● **Given information**
===

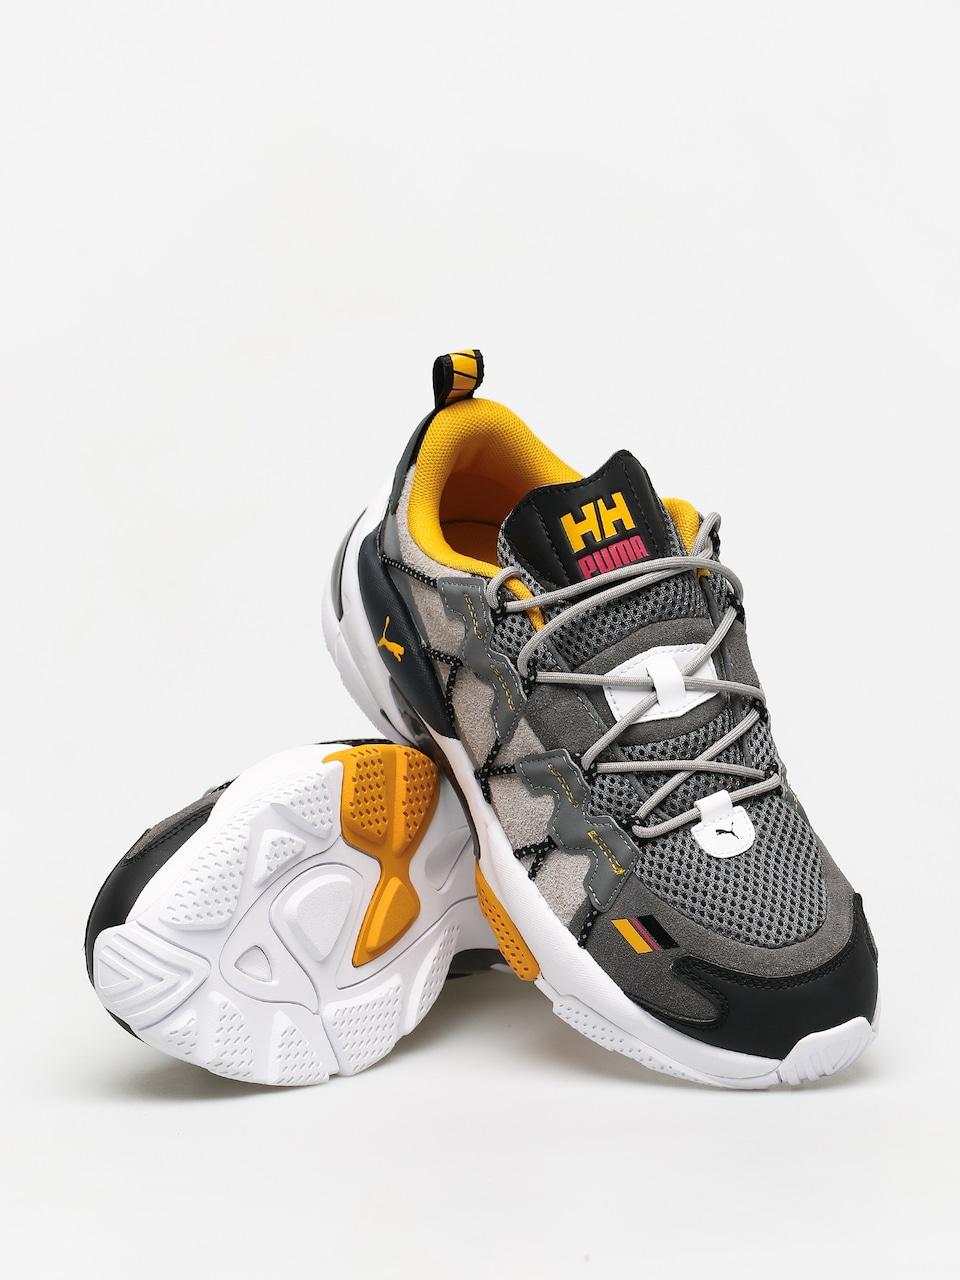 Puma Lqd Cell Helly Hansen Shoes (gray)
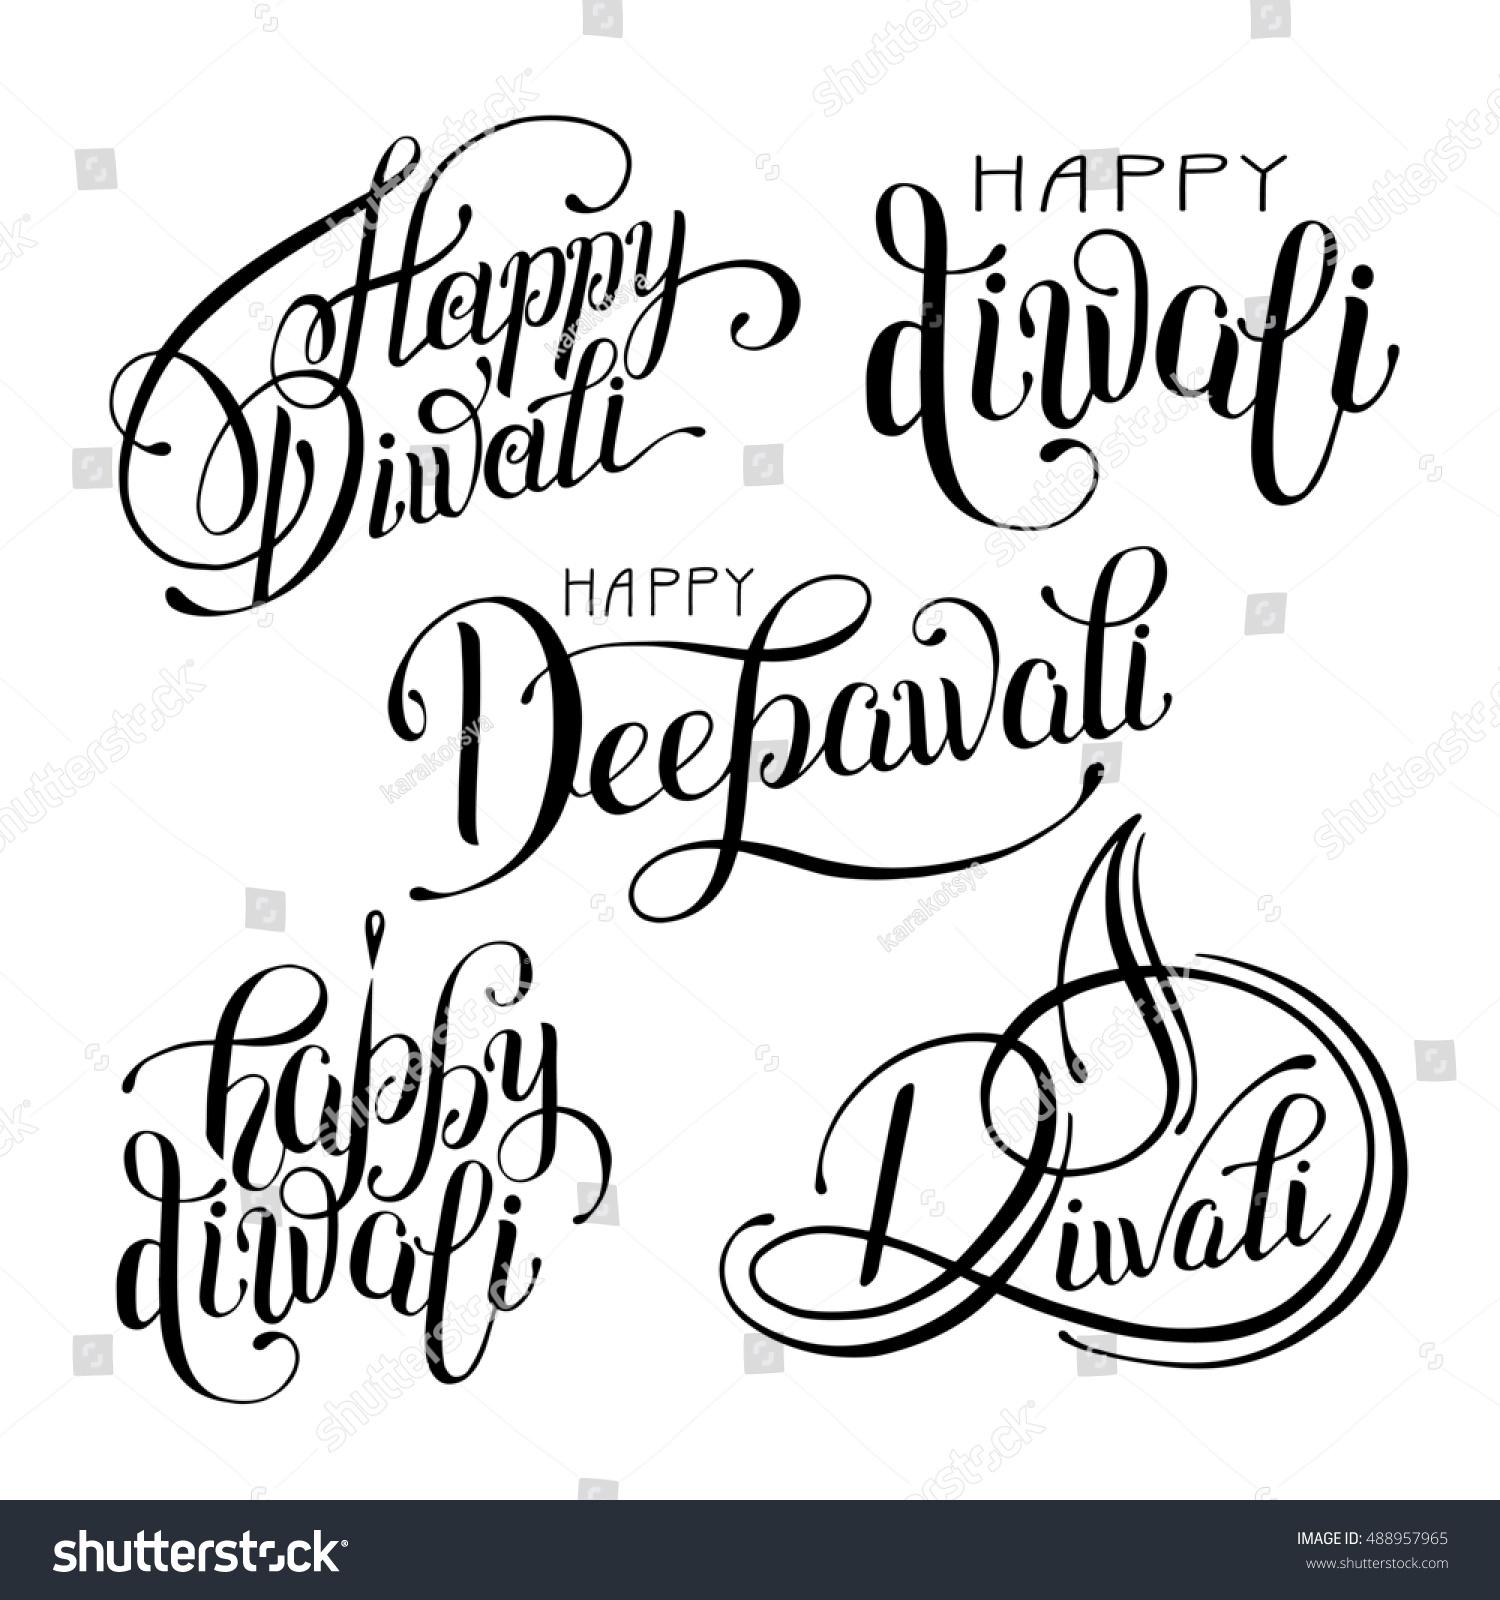 Set Black White Hand Drawing Design Stock Illustration 488957965 ... for diwali festival black and white images  61obs
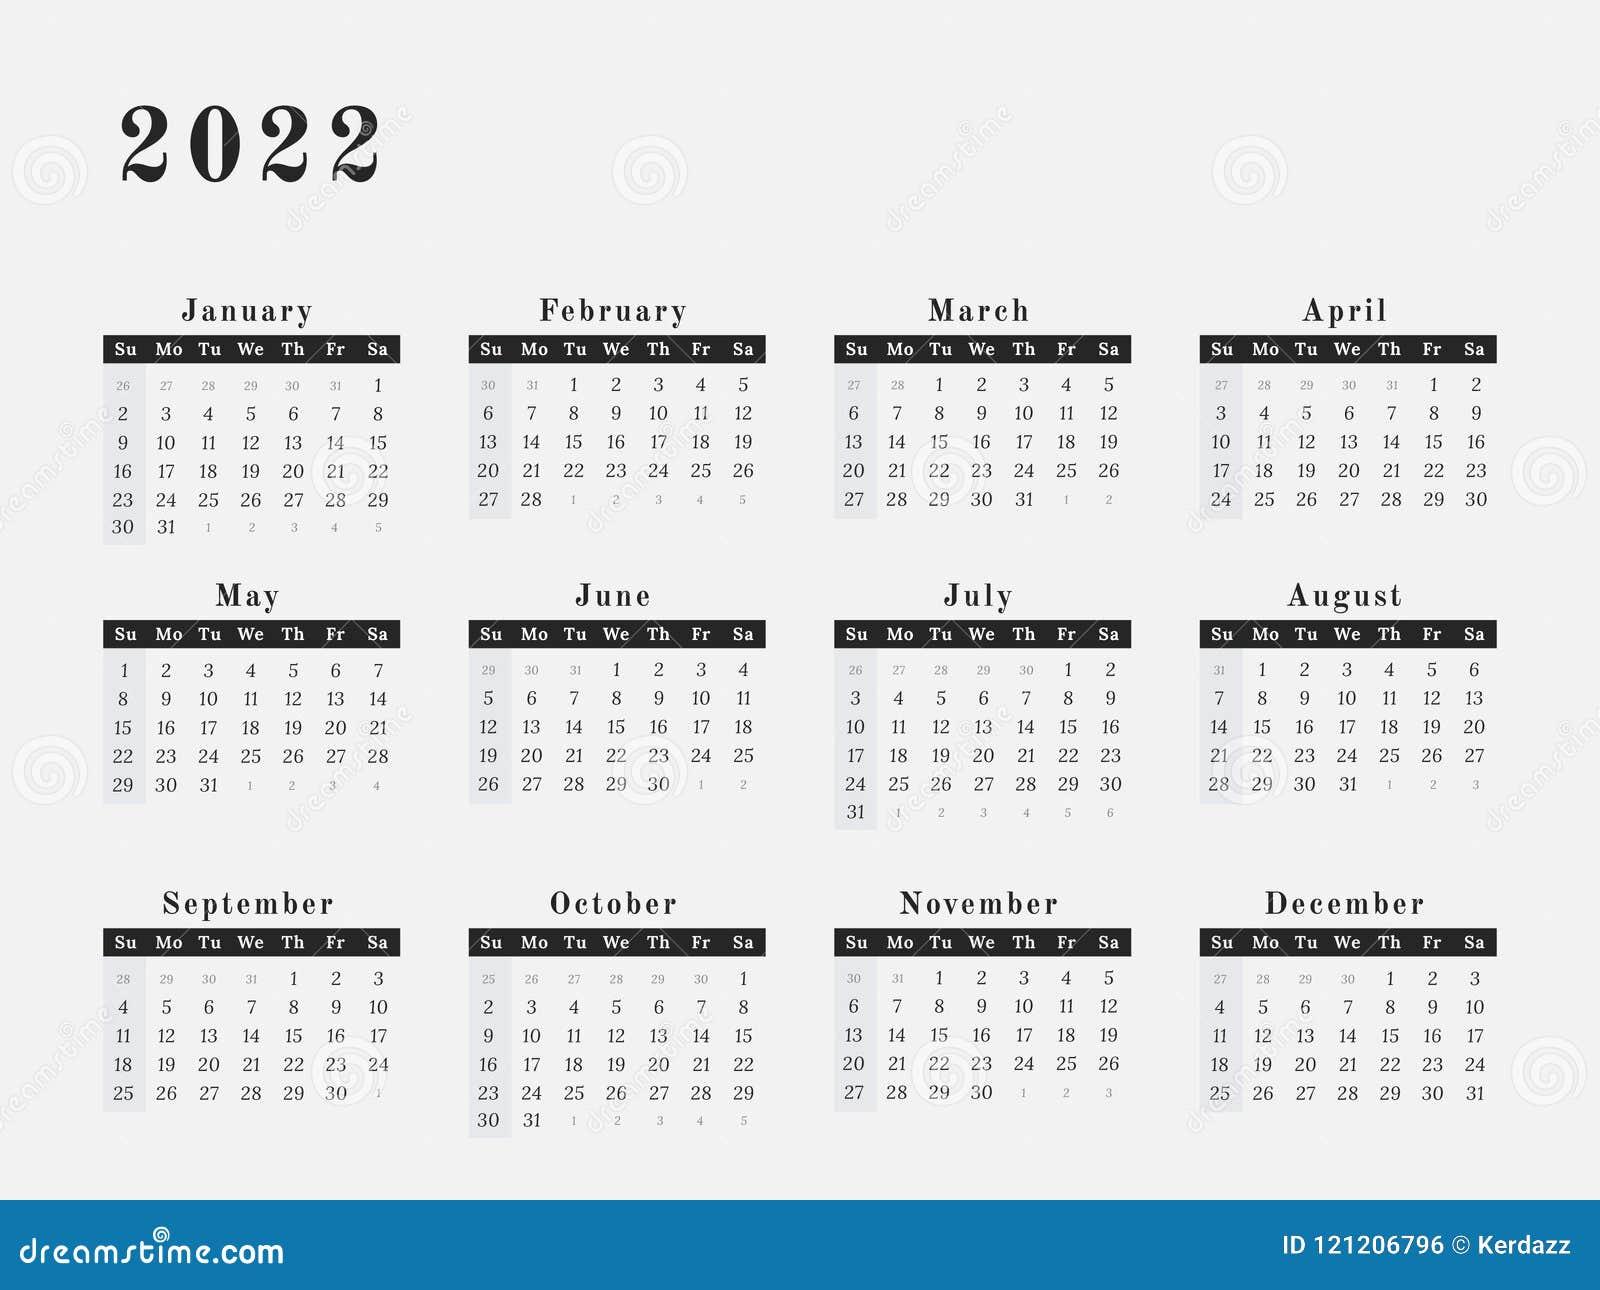 Calendar Year 2022.2022 Year Calendar Horizontal Design Stock Vector Illustration Of Monthly Number 121206796

===

● **Problem details**
The lines needed are those from the one containing "Set Black White" through the end of the listing, given again word for word and without any picture.

● **Answer to this problem**
 Set Black White Hand Drawing Design Stock Illustration 488957965 ... for diwali festival black and white images  61obs
 Calendar Year 2022.2022 Year Calendar Horizontal Design Stock Vector Illustration Of Monthly Number 121206796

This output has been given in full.